The kingdom Animalia stems from the Eukarya domain. Figure 20.5 above shows the classification for the common dog. Therefore, the full name of an organism technically has eight terms. For the dog it is: Eukarya, Animalia, Chordata, Mammalia, Carnivora, Canidae, Canis, and lupus. Notice that each name is capitalized except for species, and the genus and species names are italicized. Scientists generally refer to an organism only by its genus and species, which is its two-word scientific name, or binomial nomenclature. Therefore, the scientific name of the dog is Canis lupus. The name at each level is also a taxon. In other words, dogs are in order Carnivora. Carnivora is the name of the taxon at the order level; Canidae is the taxon at the family level, and so forth. Organisms also have a common name that people typically use, in this case, dog. Note that the dog is additionally a subspecies: the “familiaris” in Canis lupus familiaris. Subspecies are members of the same species that are capable of mating and reproducing viable offspring, but they are separate subspecies due to geographic or behavioral isolation or other factors.

Figure 20.6 shows how the levels move toward specificity with other organisms. Notice how the dog shares a domain with the widest diversity of organisms, including plants and butterflies. At each sublevel, the organisms become more similar because they are more closely related. Historically, scientists classified organisms using characteristics, but as DNA technology developed, they have determined more precise phylogenies.

Visual Connection

Illustration shows the taxonomic groups shared by various species. All of the organisms shown are in the domain Eukarya: plants, insects, fish, rabbits, cats, foxes, jackals wolves, and dogs. Of theses, insects, fish, rabbits, cats, foxes, jackals, wolves and dogs are in the kingdom Animalia. Within the kingdom Animalia, fish, rabbits, cats, foxes, jackals, wolves, and dogs are in the phylum Chordata. Rabbits, cats, foxes, jackals, wolves, and dogs are in the class Mammalia. Cats, foxes, jackals, wolves, and dogs are in the order Carnivora. Foxes, jackals, wolves, and dogs are in the family Canidae. Jackals, wolves and dogs are in the genus Canis. Wolves and Dogs and have the species name Canis lupus. Dogs have the subspecies name Canis lupus familiaris.
Figure 20.6 At each sublevel in the taxonomic classification system, organisms become more similar.

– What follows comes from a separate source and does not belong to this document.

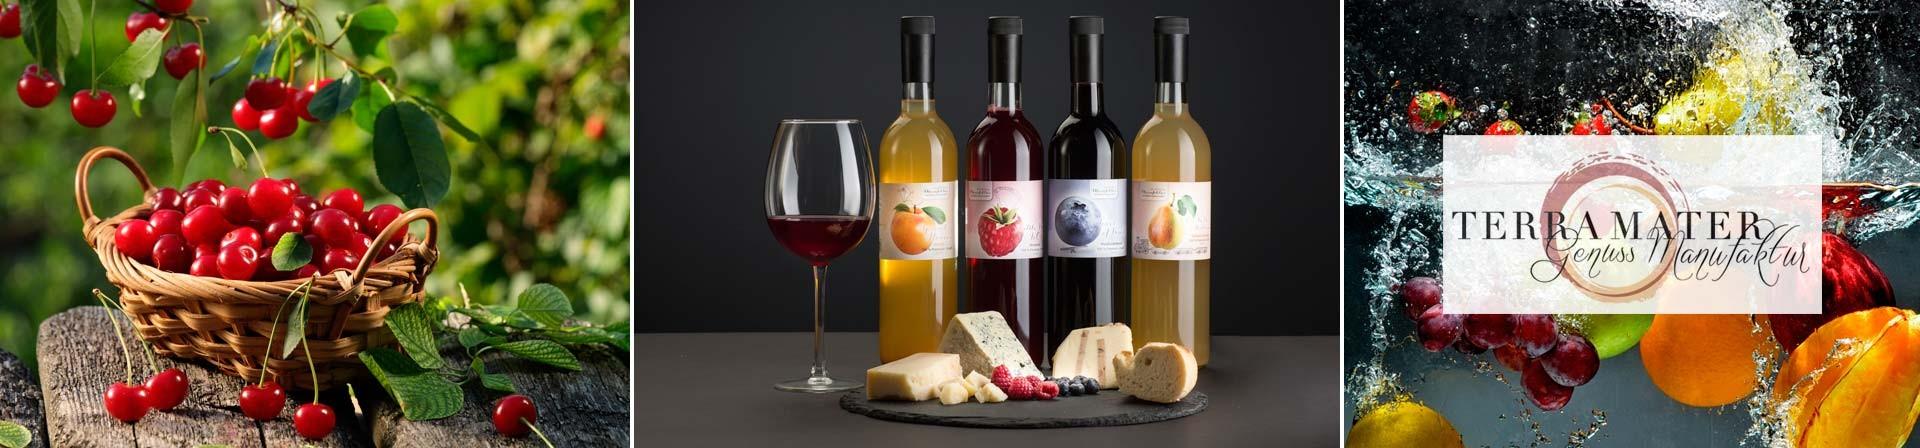 Terra Mater - Ein österreichisches Spitzenprodukt - 100 % Frucht in der Flasche.

Dogs and wolves are the same species because they can breed and produce viable offspring, but they are different enough to be classified as different subspecies. (credit “plant”: modification of work by "berduchwal"/Flickr; credit “insect”: modification of work by Jon Sullivan; credit “fish”: modification of work by Christian Mehlführer; credit “rabbit”: modification of work by Aidan Wojtas; credit “cat”: modification of work by Jonathan Lidbeck; credit “fox”: modification of work by Kevin Bacher, NPS; credit “jackal”: modification of work by Thomas A. Hermann, NBII, USGS; credit “wolf”: modification of work by Robert Dewar; credit “dog”: modification of work by "digital_image_fan"/Flickr)

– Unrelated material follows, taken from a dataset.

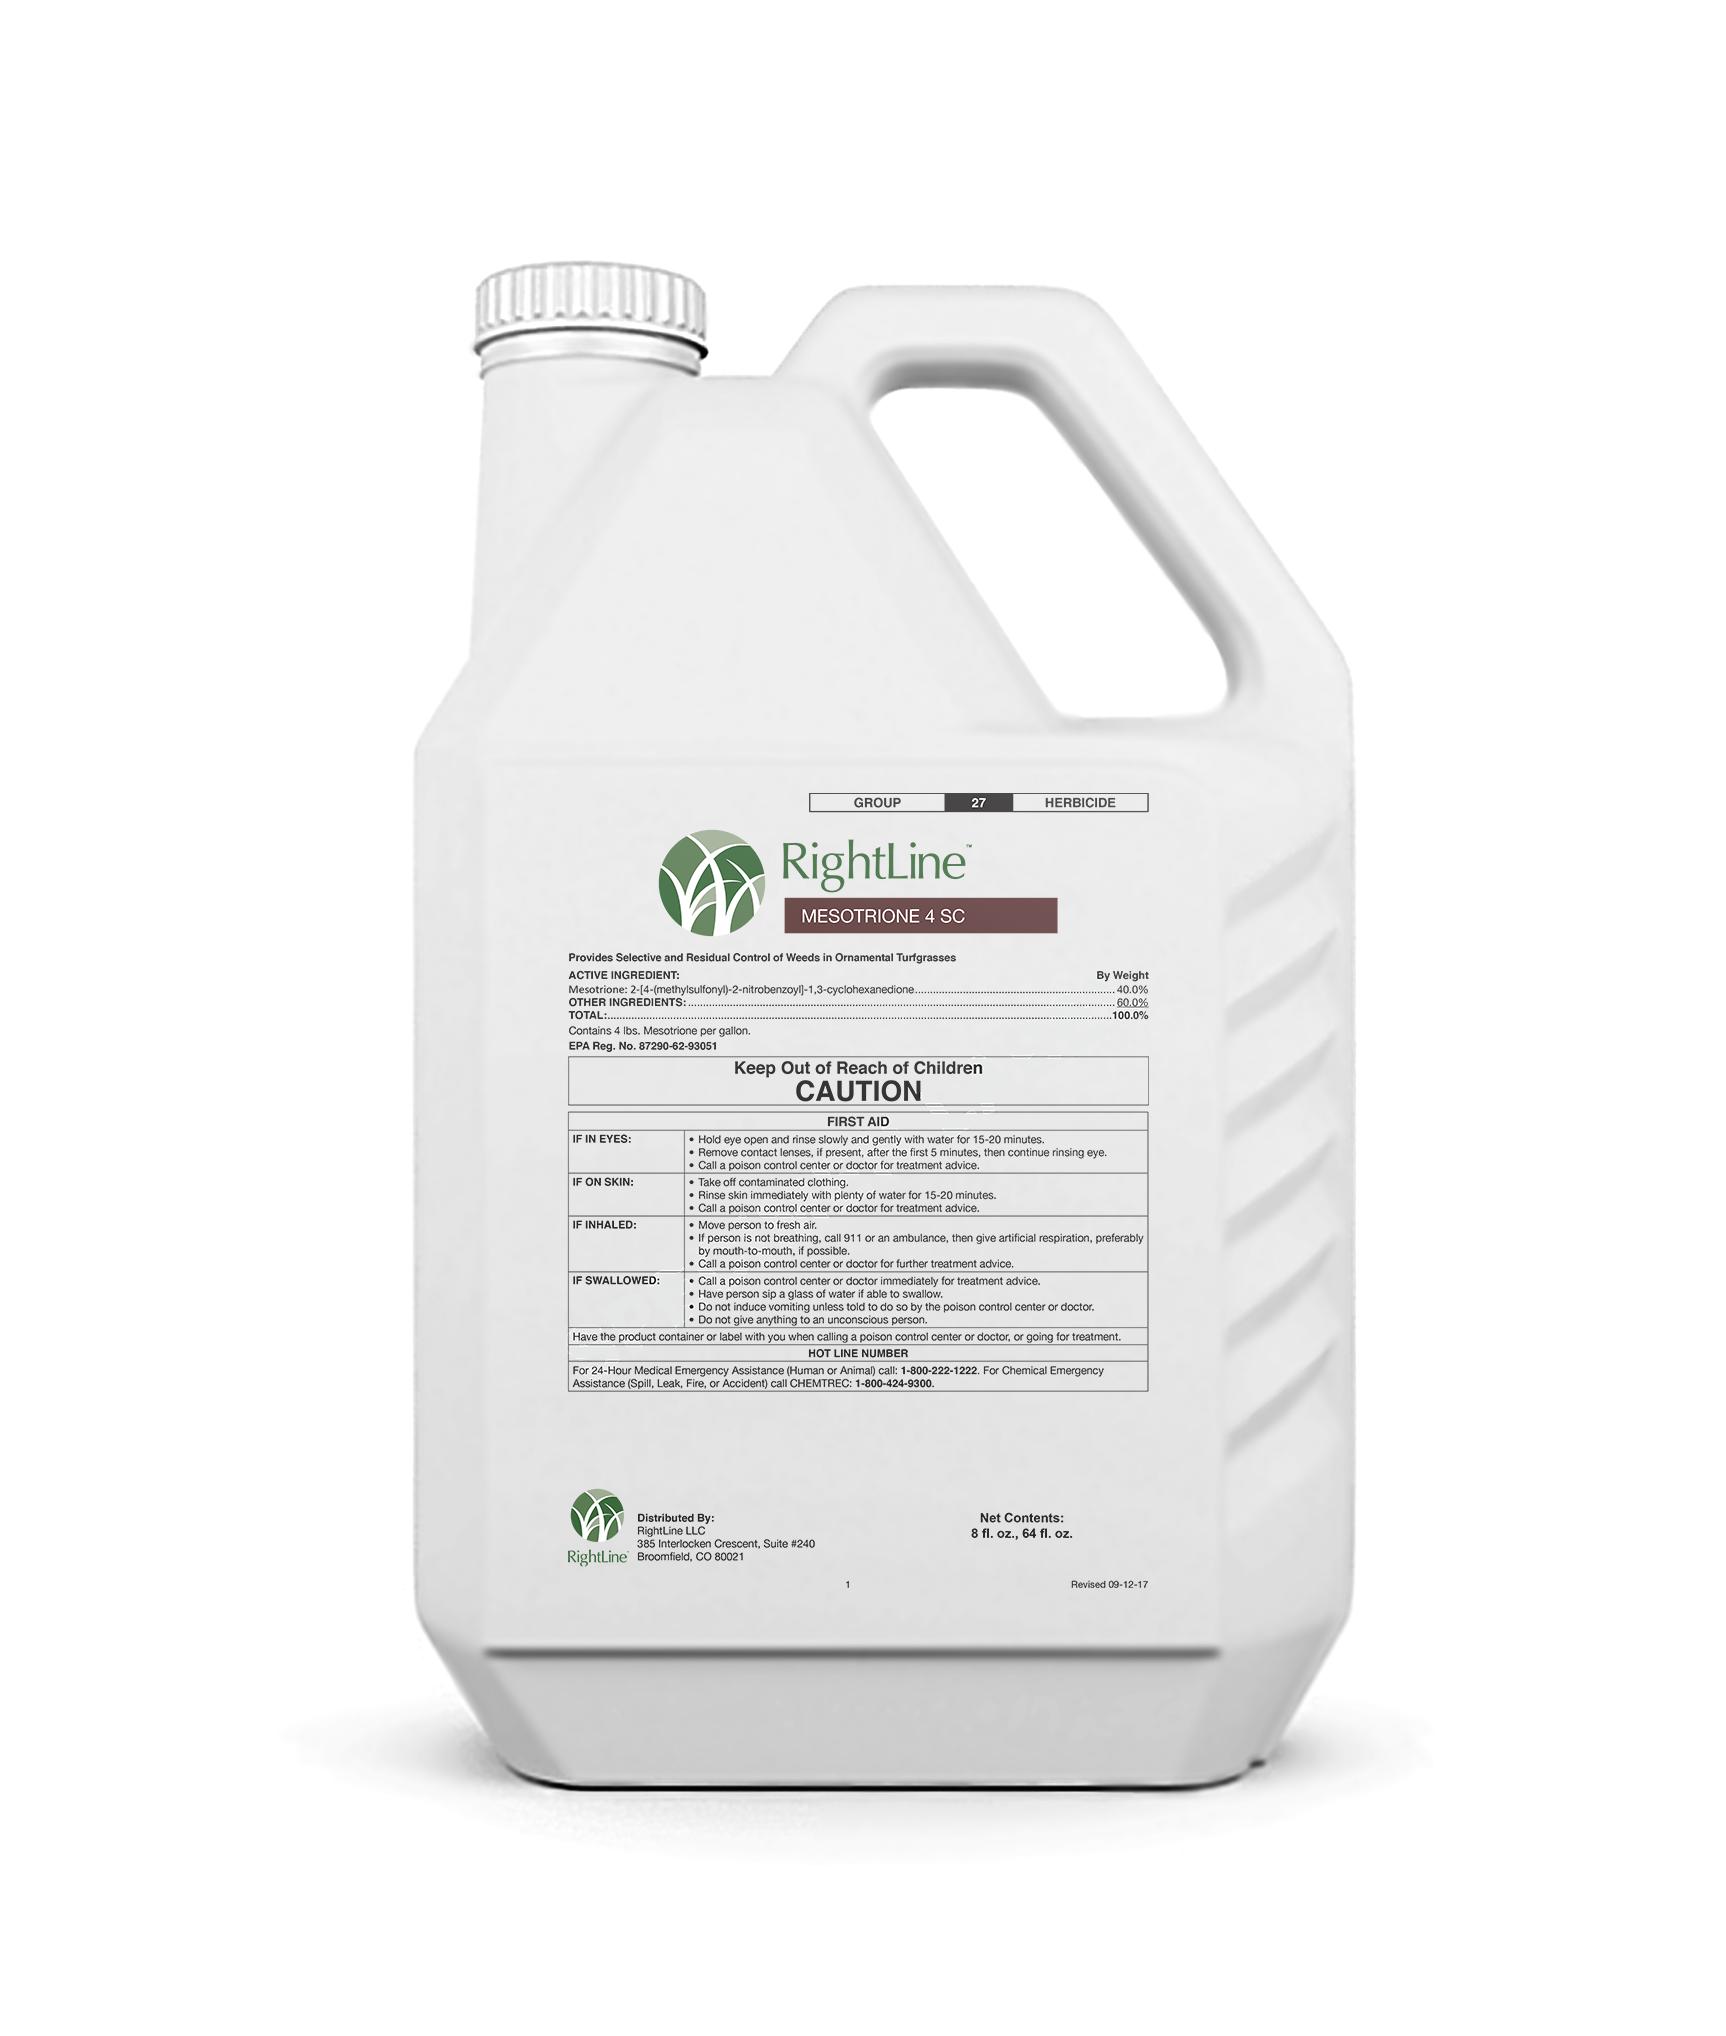 rightline mesotrione 4 sc herbicide

At what levels are cats and dogs part of the same group?

Link to Learning

Visit this website to classify three organisms—bear, orchid, and sea cucumber—from kingdom to species. To launch the game, under Classifying Life, click the picture of the bear or the Launch Interactive button.

Recent genetic analysis and other advancements have found that some earlier phylogenetic classifications do not align with the evolutionary past; therefore, researchers must make changes and updates as new discoveries occur. Recall that phylogenetic trees are hypotheses and are modified as data becomes available. In addition, classification historically has focused on grouping organisms mainly by shared characteristics and does not necessarily illustrate how the various groups relate to each other from an evolutionary perspective. For example, despite the fact that a hippopotamus resembles a pig more than a whale, the hippopotamus may be the whale's closest living relative.